While the BilgiEdinmeHakki.Org pages are predominantly in Turkish this new blog at foia.bilgiedinmehakki.infowill provide information about the Turkish developments in English. It is my intention to inform the world at large about the freedom of information related developments from Turkey.

Turkish Right to Information Assessment Council started to publish its decisions.

BilgiEdinmeHakki.Org Press Release (12 March, 2007)
Subject: Turkish Right to Information Assessment (Review) Council started to publish its decisions.

BilgiEdinmeHakki.Org (www.bilgiedinmehakki.org), a Turkish pressure group, played a crucial role in ensuring that the decisions of the Turkish Right to Information Assessment (Review) Council are finally made public. BilgiEdinmeHakki.Org has lodged several freedom of information requests to the Turkish Council since August 2004 (requests dated: 03/08/2004, 29/06/2005, 16/02/2006, 21/02/2007) but the Council either failed to publish, or denied access to its decisions.

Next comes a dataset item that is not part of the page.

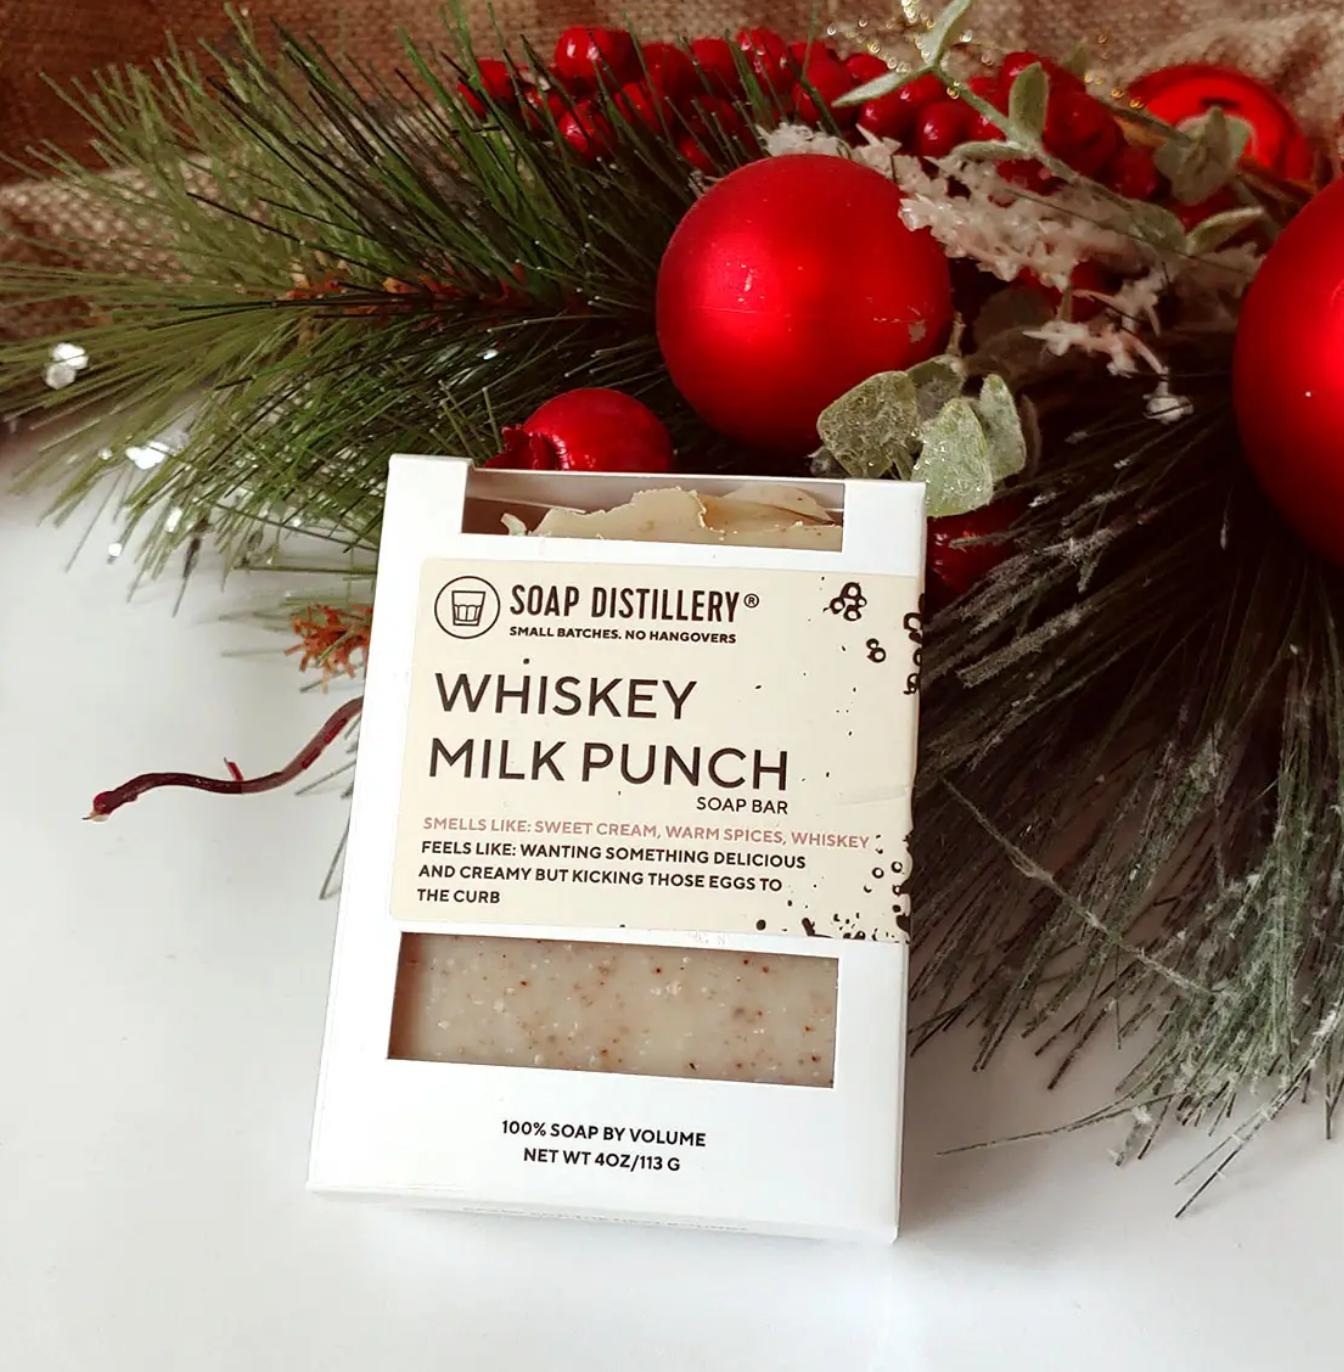 Soap Distillery Whiskey Milk Punch Soap Bar
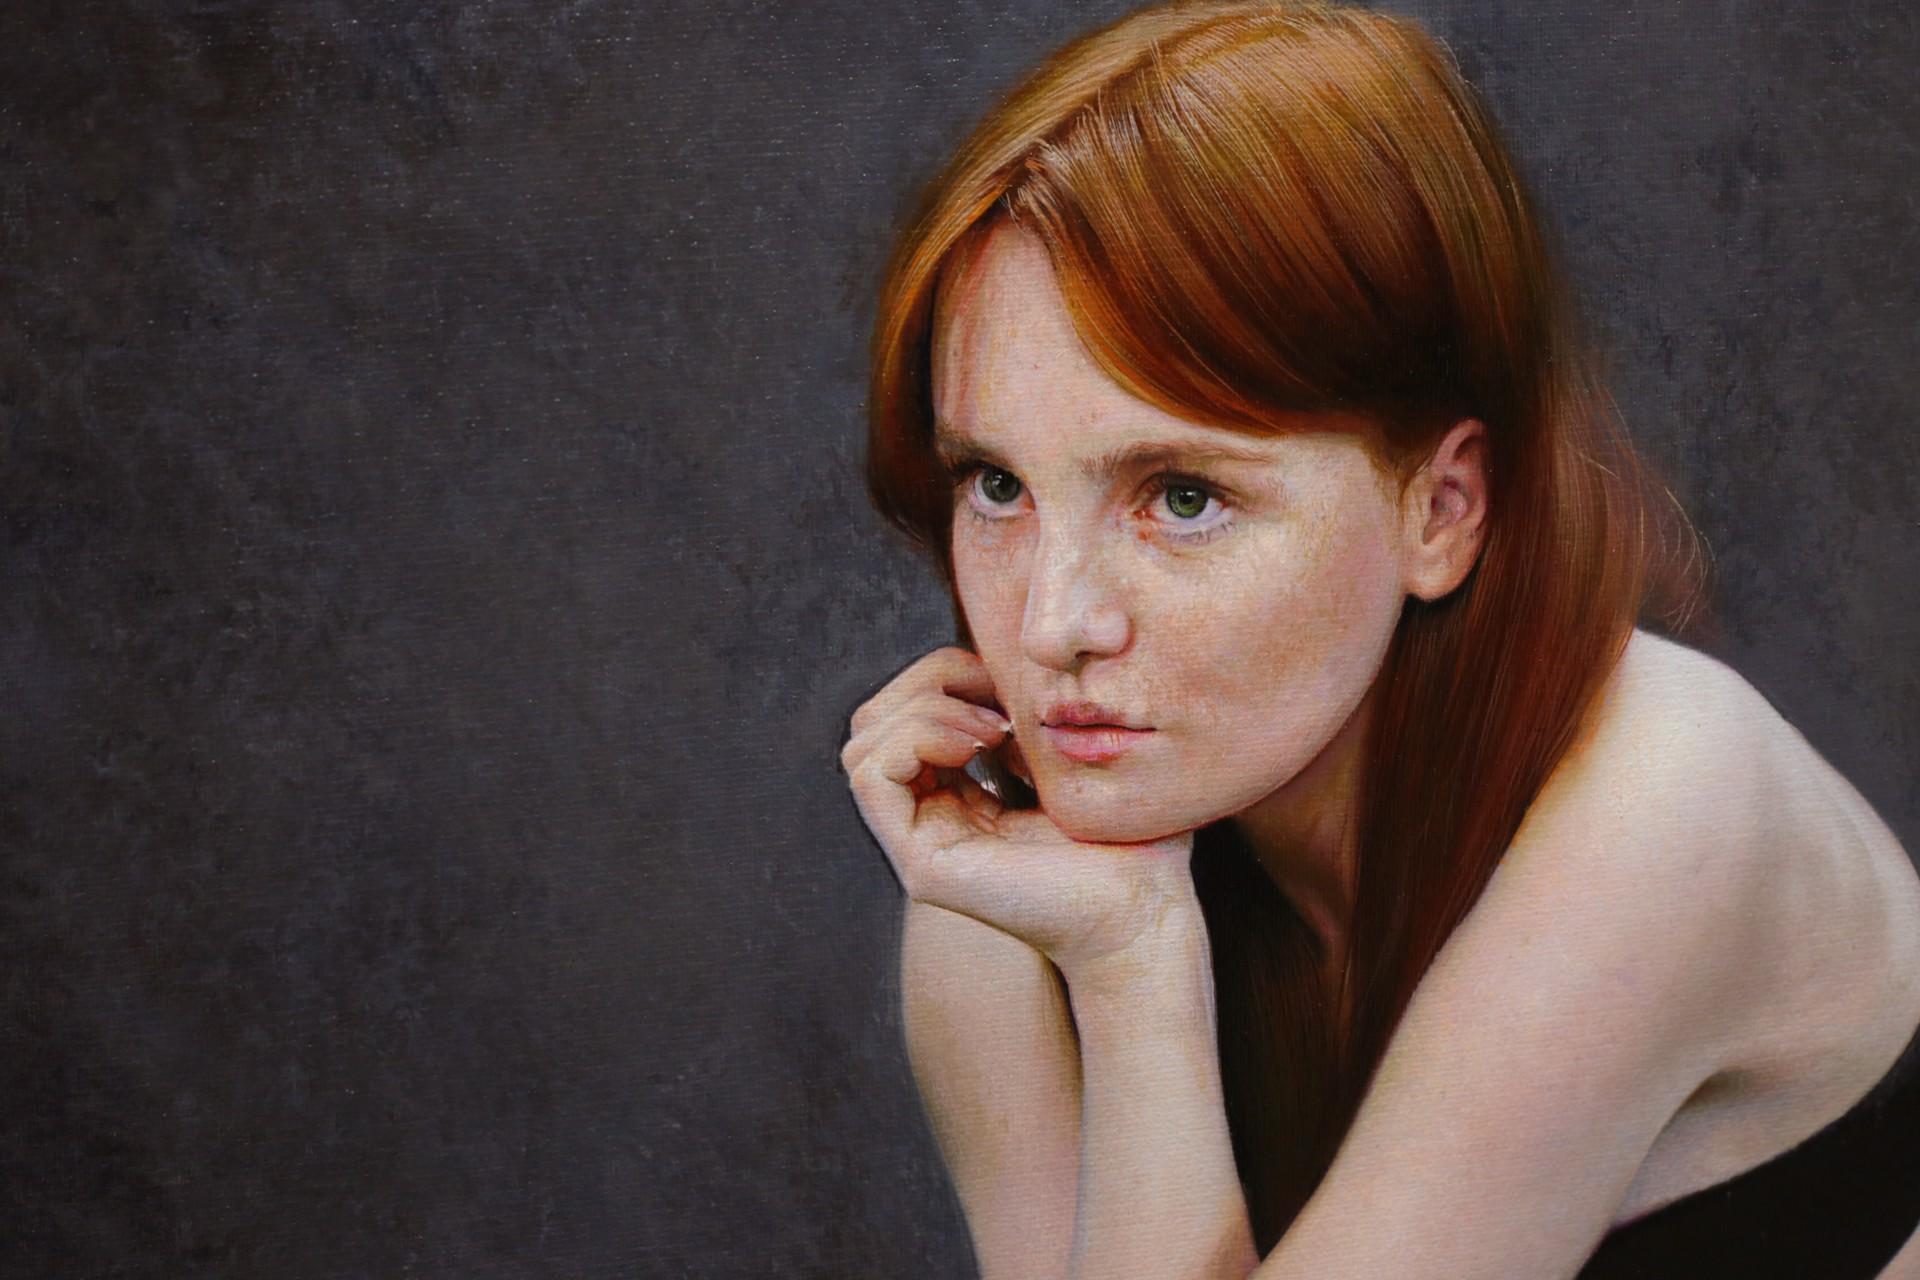 The Thinker by Anna Wypych

However, the Council decided to change its policy in terms of the publications of its decisions following BilgiEdinmeHakki.Org’s most recent request dated 21 February, 2007. It was revealed that the Council will start publishing all its decisions from 09 March, 2007, the day the Council’s decision (B.02.0.BHİ.796.001/203) was sent to BilgiEdinmeHakki.Org.

The Council in its reponse to BilgiEdinmeHakki.Org revealed that it has made 2475 decisions in relation to freedom of information appeals from the members of the public between 24/05/2004 – 26/02/2007.Until 09 March, 2007 only 74 of these were made available, and these were published in December 2004. Since then no further decisions of the Council were made public. On 09 March, 2007 the Council published 28 of its 69 decision books containing 641 decisions out of the 2475 decisions (roughly 495 pages in length). These involve the decisions made by the Council between 07. 06.2004 and 15.06.2005.

BilgiEdinmeHakki.Org requested further information from the Council on 12 March, 2007 in terms of when the remaining 41 decision books containing approximately 1834 decisions made by the Council between 15.06.2005 and 26.02.2007 will be made public.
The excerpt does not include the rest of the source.